I’ve been working as a part of the growth organization for the past year at Dropbox. I’ve read articles about how working for a growth team might be different than a more traditional product team before I started at the company, but I didn’t know that I would end up catching the measurement fever. There are many ways to decide if a certain feature is a positive, neutral or a negative impact on your product. Most common one I’ve encountered in my career has been getting feedback directly from customers, if possible (Don’t have that luxury of asking how each feature is working when it is deployed to many). Some teams go with their gut feelings and do small user research. Some teams don’t measure or ask their customers for feedback, and hope all is well, bold.

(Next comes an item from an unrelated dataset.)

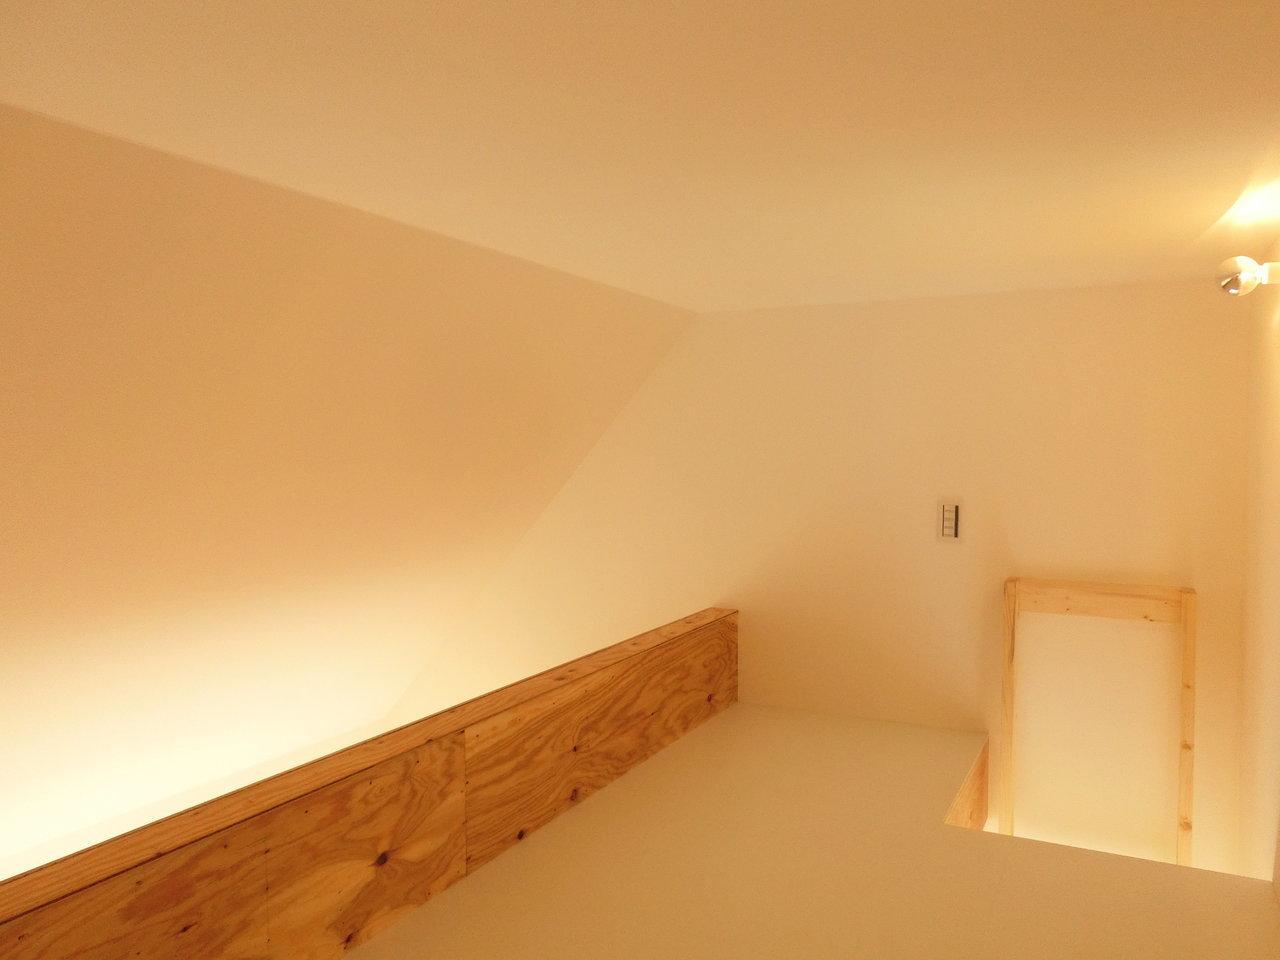 お部屋の端にあるはしごを上がると、ロフトがあります。本をたくさん置いて、寝室兼読書スペースにしたいなぁ。

That’s not the way we approach things at growth. To be able to actually call a feature successful or not there has to be statistically significant data supporting either side of the thesis. For any experiment this is followed to a T. What that means for an engineer working on these experiments is that basically implementing logging on every user interaction that’s available to be logged. A hover on a button? Better log that. A highlight on text on a tooltip? Yeah, it wouldn’t hurt to log that either. However, it doesn’t stop there. User interaction is not only limited to the DOM elements. Service response times is a key metric to monitor too. Today, not only I log client-side events for analysis for an experiment, but I also wrap functions and service calls with a measurement so that I can see the response time & result for any call when it is out “in the cloud” used by millions. That is the sense of security and control I never were able to achieve by writing tests.

To be able to have insight, being able to visit a dashboard and see how each function is working once deployed is so valuable that it gives me the actual sense of control on these services. Of course, it doesn’t have to stop there. One could implement alerts around their response times at different request sampling percentiles, p75, p90, p95 or p99. (p99 meaning 99% of the requests should be faster than given latency, also the reason behind the domain name.) Some strive for p999 (99.9%) for their services, many hyperscale companies do achieve this service uptime. When was the last time Gmail didn’t end up sending your email to a recipient? I don’t recall such an event.

Reliability is a core component of modern applications and there’s no way to achieve that without proper monitoring.

How to Measure

In this post, I’ve mostly focused on measuring server responses, service calls and their efficiency. Measuring doesn’t have to start there. Client-side measurements are a great way to get insight to your application as well. Making measuring code the culture of your team is the way to achieve a state where adding measurements just like writing tests will be part of the sprint planning when you start your next service. Now, if I am in an unfamiliar area of code, which tends to happen frequently when it is a massive monorepo, first I add some measurements, deploy the updates, and see which functions are the most frequently called and how they fare in terms of response times. I believe it is the best companion to the code I write and fruits of it are available on day 1 on a Grafana dashboard. I find the modules I write the most sturdy versions of themselves when they are combined with proper observability, ready for action.

With many open source tooling being built around this, I encourage you to read more around this, and maybe experiment with it on your next service.

Of course it makes it easier when the tooling is already built to measure any code written whether in Python or Go. I am in that lucky few, and use Vortex. Here’s a very detailed blog post about the architecture of Vortex and how we monitor at Dropbox — Monitoring server applications with Vortex.

Thank you for reading “Station Wagon Full of Tapes”.